10.2 Amendment. This Agreement may be amended by the Purchaser
and the Seller by action taken at any time. This Agreement may not
be amended, except by an instrument in writing signed on behalf of
the Purchaser and the Seller.
10.3 Waiver. At any time prior to the Closing, the Purchaser
or the Seller may (i) extend the time for the performance of any of
the obligations or other acts of the other party, (ii) waive any
inaccuracies in the representations and warranties specified in
this Agreement or in any document delivered pursuant to this
Agreement, or (iii) waive compliance with any of the agreements or
conditions specified in this Agreement. Any agreement on the part
of a party to any such extension or waiver shall be valid only if
set forth in an instrument in writing signed on behalf of such
party.
ARTICLE XI
GENERAL PROVISIONS
40
11.1 Notices.

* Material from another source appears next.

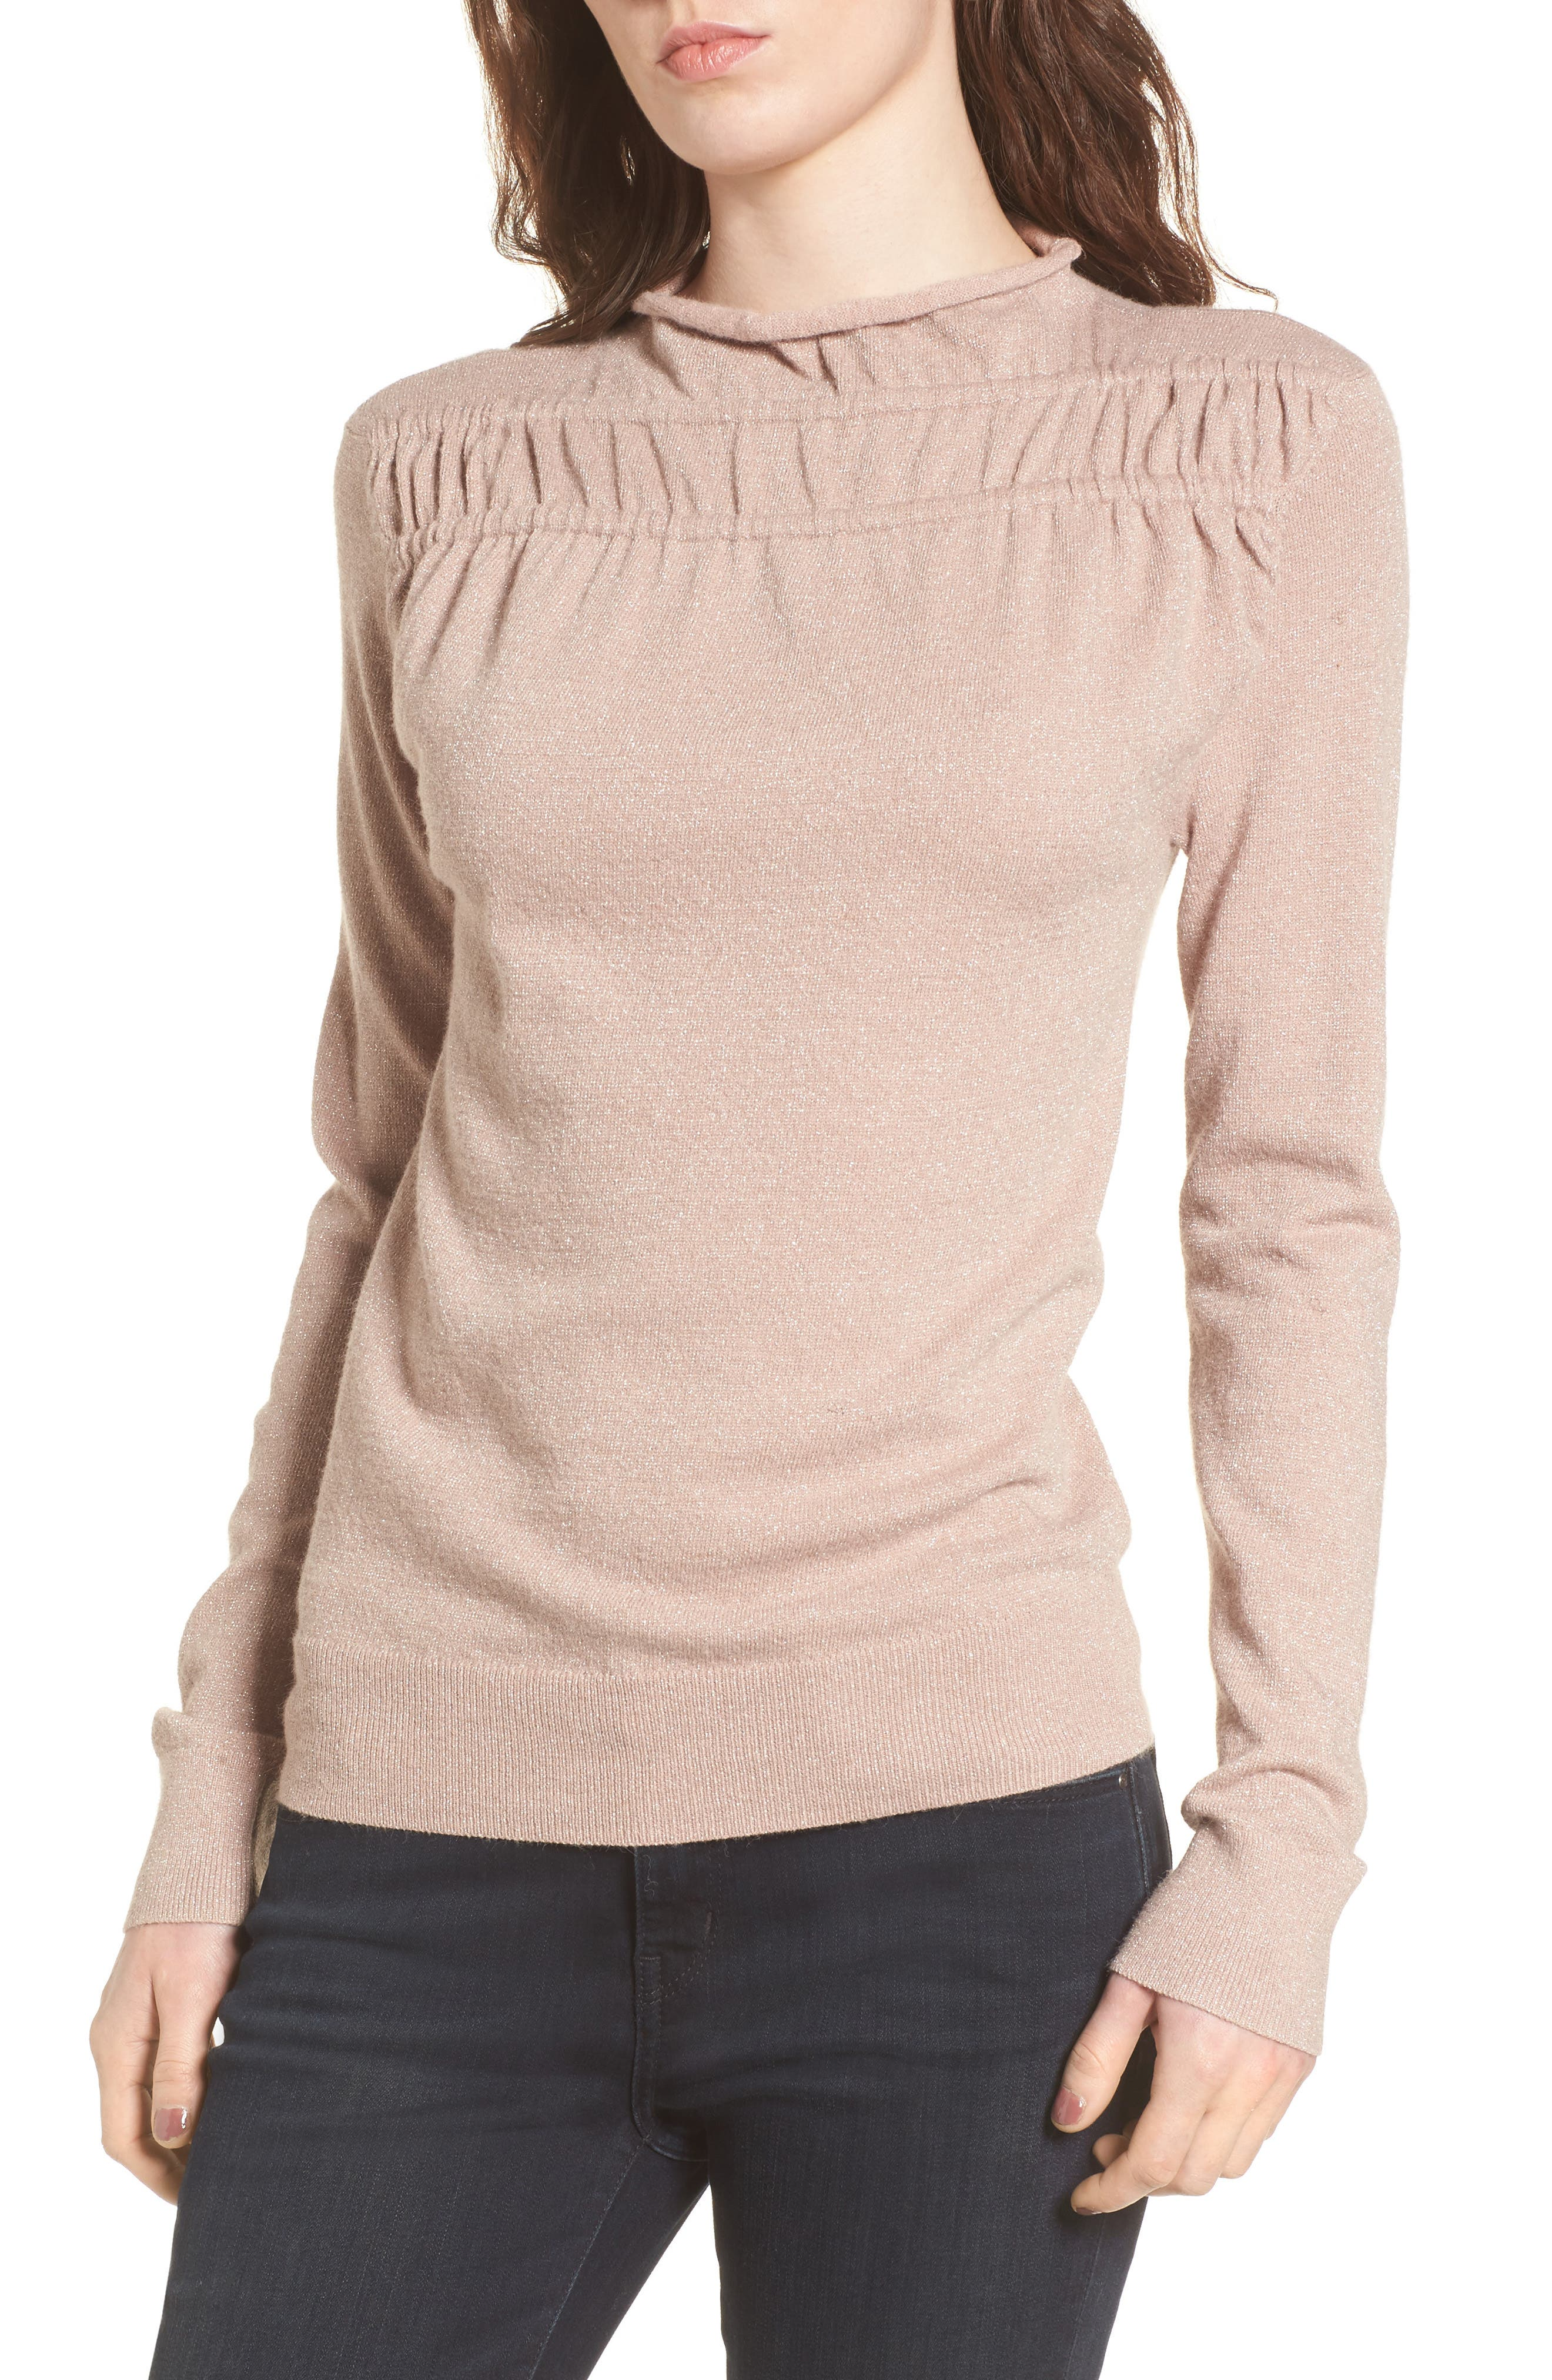 Main Image - Hinge Gathered Sweater

Any notice, direction or instrument required
or permitted to be given pursuant to this Agreement shall be given
in writing by (a) telegram, facsimile transmission or similar
method, if confirmed by mail as herein provided; by mail, (b) if
mailed postage prepaid, by certified mail, return receipt
requested; or (iii) hand delivery to any party at the addresses of
the parties specified below. If given by telegram or facsimile
transmission or similar method or by hand delivery, such notice,
direction or instrument shall be deemed to have been given or made
on the day on which it was given, and if mailed, shall be deemed to
have been given or made on the second (2nd) business day following
the day after which it was mailed. Any party may, from time to
time by similar notice, give notice of any change of address, and
in such event, the address of such party shall be deemed to be
changed accordingly. The address, telephone number and facsimile
transmission number for the notice of each party are:
If to the Seller: Six Forty-Nine Incorporated
0000 X. Xxxxxx Xxxx, Xxxxx X0
Xxx Xxxxx, Xxxxxx 00000
Facsimile: 604.584.1896
If to the Purchaser: Encore Ventures, Inc.
0000 Xxxxxx Xxxxxx
Xxxxxxxxx, Xxxxxxx Xxxxxxxx
Xxxxxx X0X 0X0
Facsimile: 604.261.8990
11.2 Further Assurances. Each party, at any time and from
time to time, at the other party's request, shall execute,
acknowledge, and deliver any and all instruments and take any and
all action that may be necessary or proper to carry out, perform,
and effectuate the intents and purposes of the provisions of this
Agreement. In the case of refusal or failure to do so by any
party, the other parties, and each of them, shall have the power
and authority, as attorney-in-fact for the party so refusing or
failing, to execute, acknowledge, and deliver such instrument.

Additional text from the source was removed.